Political Lives: Australian prime ministers and their biographers
UNSW Press, $39.99 pb, 327 pp
Risk and reward
We live in an age of leader- and media-centric politics. There is a name and a personality attached to every significant political initiative, and chief among them are prime ministers and premiers. Political junkies will be familiar with the torrent of ‘leader’ profiles generated by the press and well versed in identifying implicit bias. Yet we constitute a ready market for biographies of current (and perhaps rising) stars, and journalists are often first to seize the opportunity to write ‘the first draft of history’. How well do we understand the genre and its effects?
Chris Wallace is a shrewd and experienced political journalist; an accomplished biographer with previous works on Germaine Greer, John Hewson, and Don Bradman; and now an academic. This book draws on her PhD thesis. That breadth of experience is significant: she presents an innovative argument, is diligent about archival research and direct engagement with those about whom she is writing, and her lively and accessible style and gift for telling anecdotes will win a wide readership.
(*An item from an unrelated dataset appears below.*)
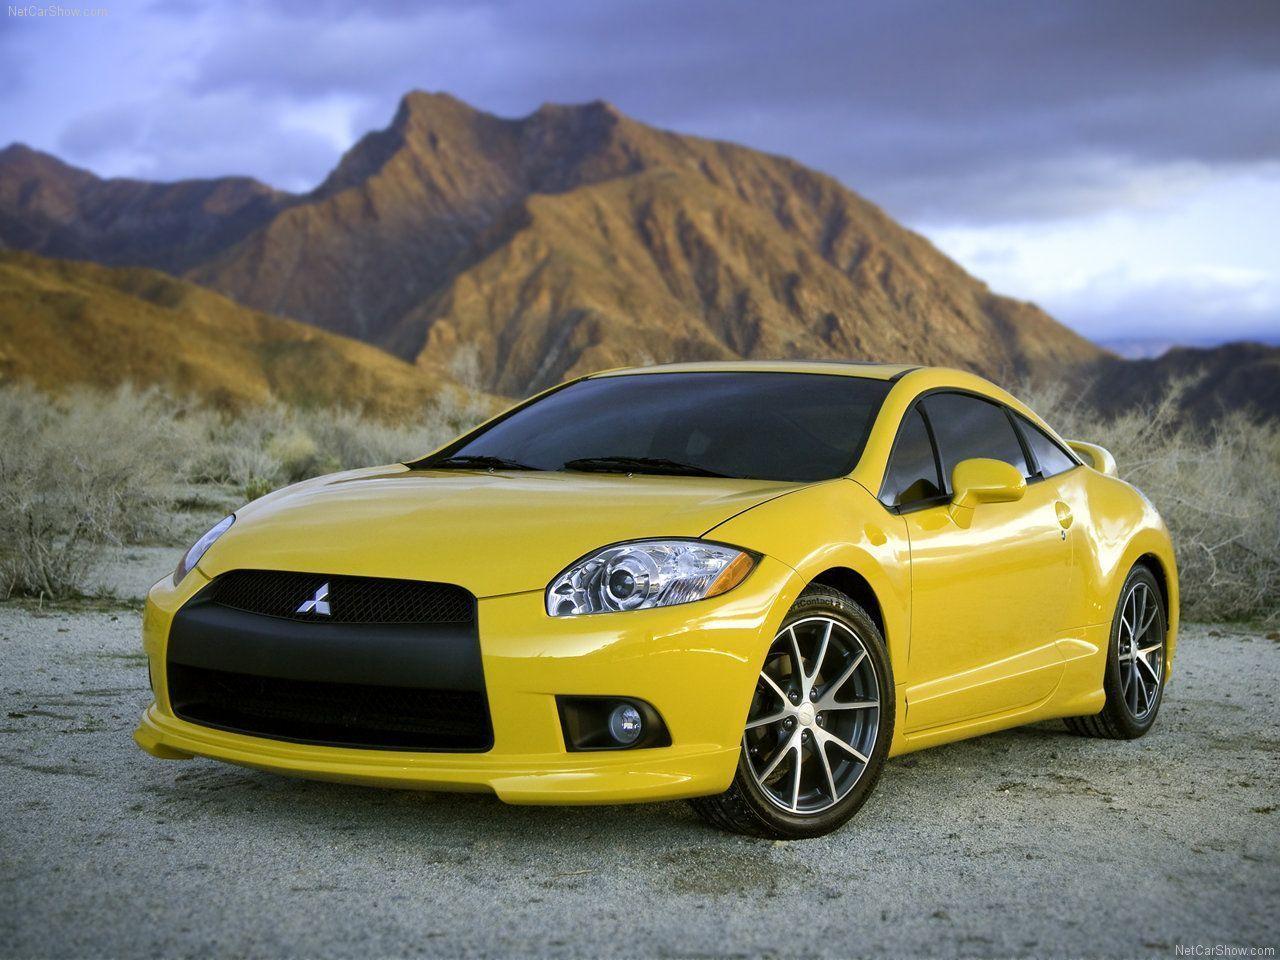 Wallpaper For – Mitsubishi Eclipse Wallpapers

Her argument is that contemporary political biography – that is, work published while its subject is still active – can constitute a political intervention that might make or break a politician. She was driven to this realisation by reflecting on the potentially adverse influence of a biography of Julia Gillard she was near to completing while Gillard was still prime minister. It was never intended as an attack biography, yet Wallace became convinced that her analysis of Gillard’s gifts and all too human flaws would be filleted by opponents looking for negatives to amplify their already fierce denigration of Gillard. So, she abandoned the project, and returned her publishing advance.